This week, Hot Air was invited to a conference call for the press hosted by the Bradley Manning Support Network, updating us on the latest events in the ongoing saga of the incarcerated subject. The first order of business was to note that the next step in the legal process is an Article 13 pre-trial hearing to be held “in mid-summer.” Additional motions and maneuvering are projected to delay the start of the actual trial until late fall or early winter, most likely in December.

I should be clear that this meeting was not any sort of balanced debate presenting both possible sides of the story. That shouldn’t come as a surprise given the name of the hosting organization. This was a group of devout anti-war activists who label Manning as “hero” on a regular basis and are working to secure his release. But the list of speakers is still noteworthy for this report.

  • Daniel Ellsberg, retired defense analyst known for releasing the Pentagon Papers
  • Julian Assange, editor-in-chief of Wikileaks
  • Jesselyn Raddack, attorney and staff member of the Government Accountability Project
  • Ann Wright, Retired Lt. Colonel of the United States Army
  • Christina McKenna, activist arrested at Quantico in an action to support Bradley Manning
  • Kevin Zeese (moderator), attorney with the Bradley Manning Support Network

To be honest, I didn’t find the majority of the content from the guest speakers particularly notable or surprising. It was mostly a series of testimonials to how “important” the “work” of people like Bradley Manning is, and how such “patriotic” actions should be supported. I will confess, however, that some of the vehemence I heard against Barack Obama was rather shocking, with a definite sense of feeling betrayed on the part of the speakers. I suppose they assumed that the President would abdicate his responsibilities as Commander in Chief and simply intercede on Manning’s behalf.

More startling, though, were a few of the comments directed not at Manning or his specific situation, but at the military in general. The first speaker was Daniel Ellsberg of Pentagon Papers fame. (I got to question Ellsberg individually later, which is covered below.) He started out by saying, “I was the Bradley Manning of my day.” This, of course, rather ignores the fact that he was a civilian employee of the RAND corporation at the time he released that information, having long since completed his term of service in the military.

Jesselyn Raddack chose to focus on Manning’s exposure of what came to be known as the “Collateral Murder Video.” This was rather shocking, as she seemed to pretend that Manning hadn’t allegedly also released tons of unrelated but classified data in a scatter-shot fashion. I lost track of the number of times she used the phrase “war crimes” but she made it clear that she felt the exposure of the video in question justified classifying Manning as a “whistleblower” who is owed immunity, freedom and acclaim. All of this, of course, ignores the fact that the soldiers in question in the video were investigated, cleared, and the video clearly showed one of the targets holding a rocket launcher.
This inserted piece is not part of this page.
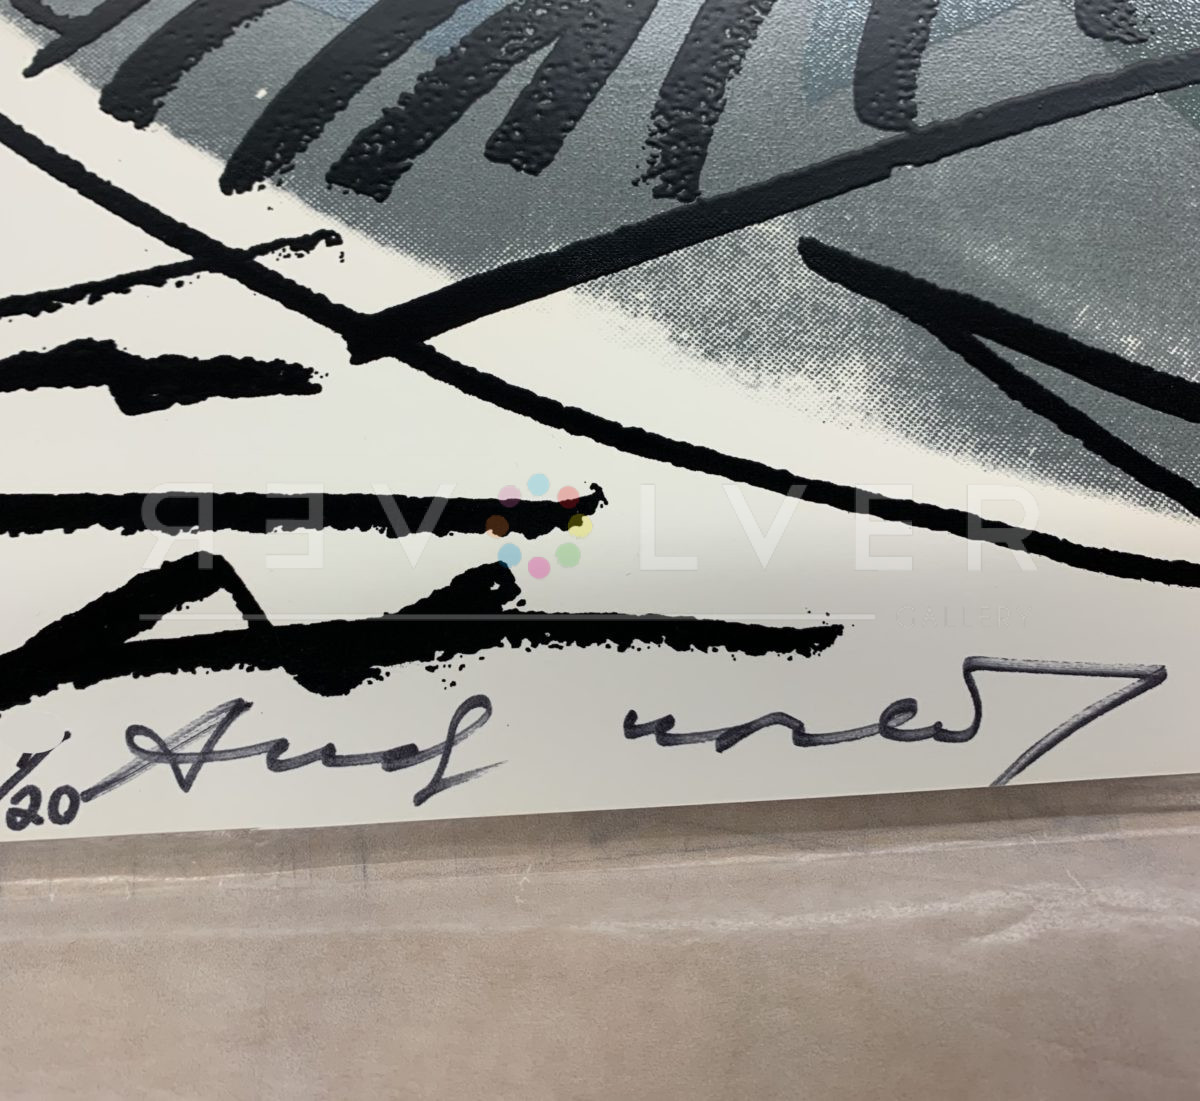 Andy Warhol's signature on the Gems 189 screenprint

Christina McKenna was representing 33 people who are going to trial for their protests at Quantico where they were arrested and may be sentenced to large fines or up to a year in jail. Ms. McKenna is clearly so enamored of Manning’s activities that she plans to refuse to pay any fines if convicted, instead choosing to go to jail, “to support Bradley.’

I can not believe the amount of civilian casualties [the tapes] revealed, or the callousness and deceit of the US military and government officials from around the world.

The final speaker was Assange, but to be honest, he wandered around from one incomprehensible charge to the next in a fashion that made him rather difficult to follow. Should you wish to hear the entire call for yourself, however, you can find a downloadable audio file of it here and decide for yourself.

After we were finished, I found myself taking exception with some of the opinions expressed by Ellsberg and arranged to submit a few questions to him. Rather than leave us open to charges of selective editing, I’ll give you the opportunity to review them precisely as submitted and answered.

1. Just to ensure I have the timeline correct, could you confirm (or correct, if inaccurate) that at the time of the release of documents leading to the Pentagon Papers, you were fully released from the military and were a civilian employee of either the RAND Corporation or of the State Dept.? (Unsure of the timing.)

2. How would you characterize the difference in responsibilities and options between civilian and military personnel in matters of security and containment of materials deemed classified?

3. Do you feel that individual soldiers should be the final arbiters as to which orders they should or should not obey?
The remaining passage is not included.